This is our old blog. It hasn't been active since 2011. Please see the link above for our current blog or click the logo above to see all of the great data and content on this site.

10 for 10: #9 Gamelogs, Box Scores and Splits Now for 1920 to Yesterday

Posted by Sean Forman on July 13, 2010

This post is the ninth in our series of ten new features for our tenth anniversary.

Thanks to the heroes at RetroSheet, we now have access to box scores and gamelogs for every major league game from 1920-2009, and play-by-play going back to 1950. Ninety years of major league history and more than 150,000 games. That includes over 80% of the batting seasons in major league history (back to 1871), 74% of the team seasons, and full careers for 72% of all major league players.

This latest update fills the doughnut hole we had for 1940-1951, so we now have Ted Williams' 84-game on-base streak in 1949, and Joe Dimaggio's 56-game hitting streak.
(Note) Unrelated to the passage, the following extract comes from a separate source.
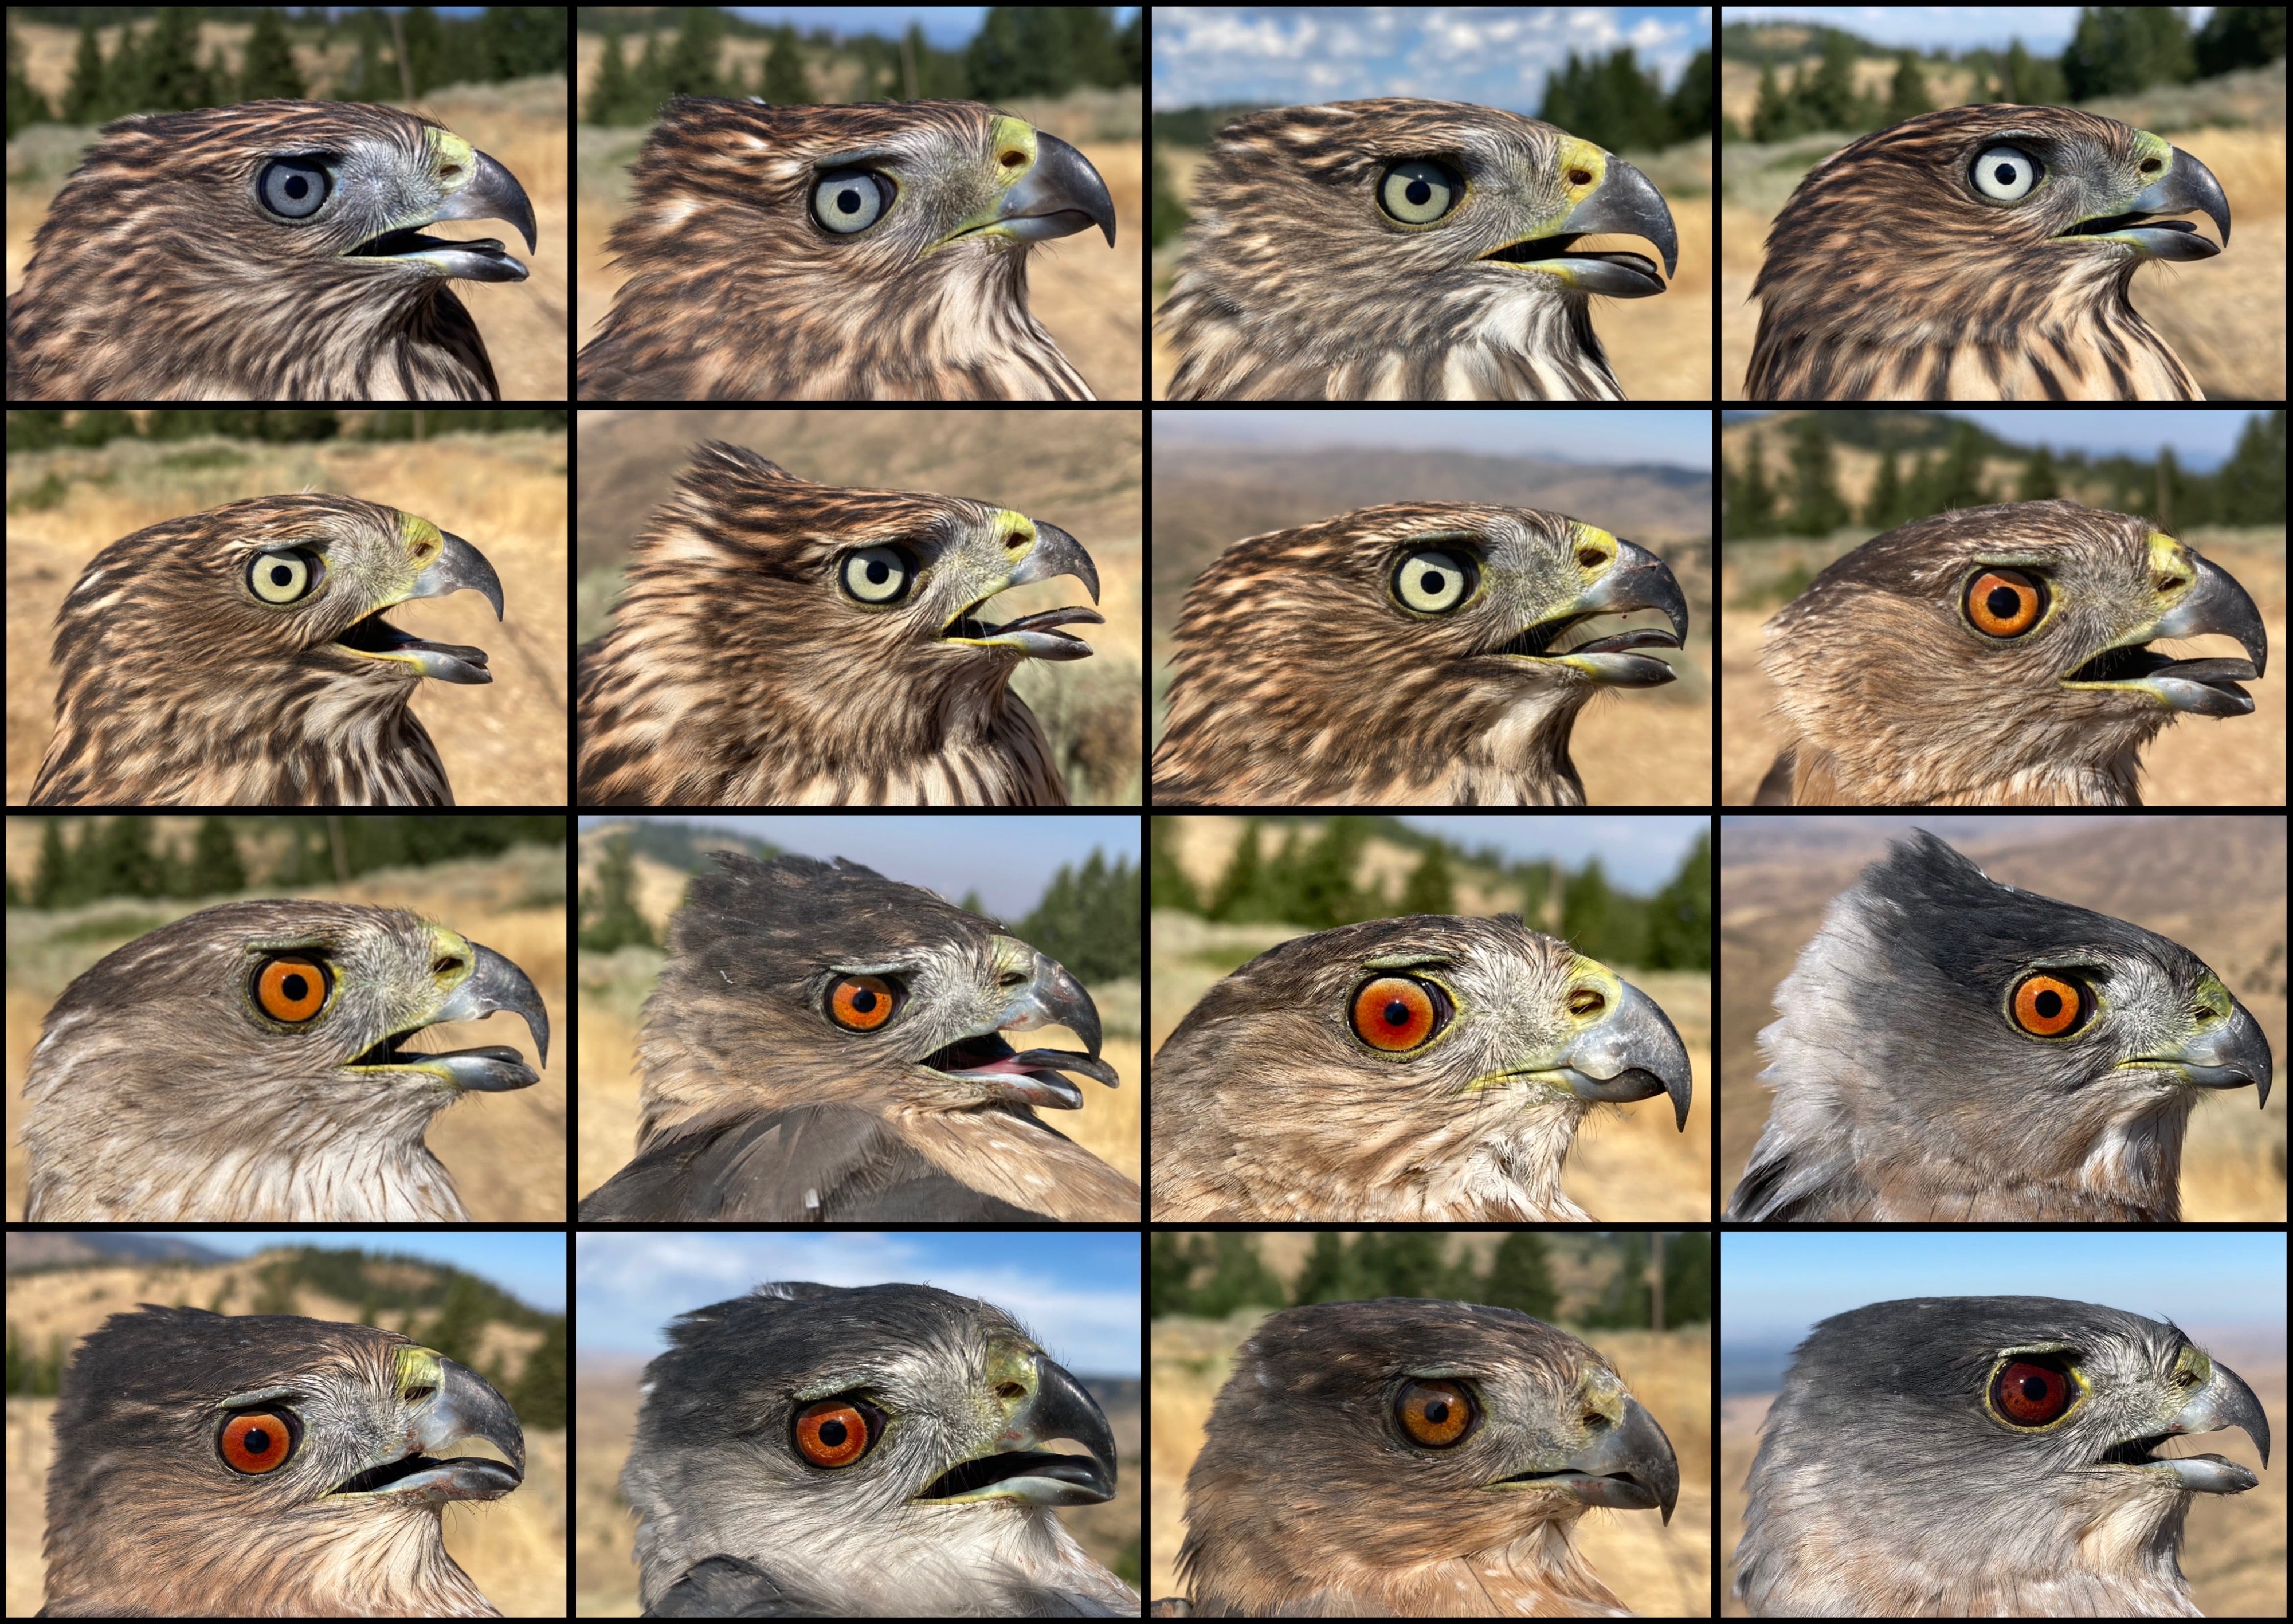 a series of 16 small photos showing cooper's hawk faces.

The Play Index now contains all of these seasons as well. Just to brag a little bit about the database we now have on the site. Our play-by-play database (1950-2010) has over 9m rows with 200 columns each or just over 1.8 billion cells of pbp data. The batting gamelog table from 1920-2010 has over 3.7m rows, and you can search them all. The batting splits table has over 6.1m different yearly splits calculated. There is a lot of data on our server.

Thanks again to the people at RetroSheet (led by Dave Smith) for this tremendous body of work. It really takes your breath away to see what these folks have accomplished. When I heard of their project ten or so years ago it struck me as the Crazy Horse Monument of baseball statistics, but the big difference is that they're now 80% done with it.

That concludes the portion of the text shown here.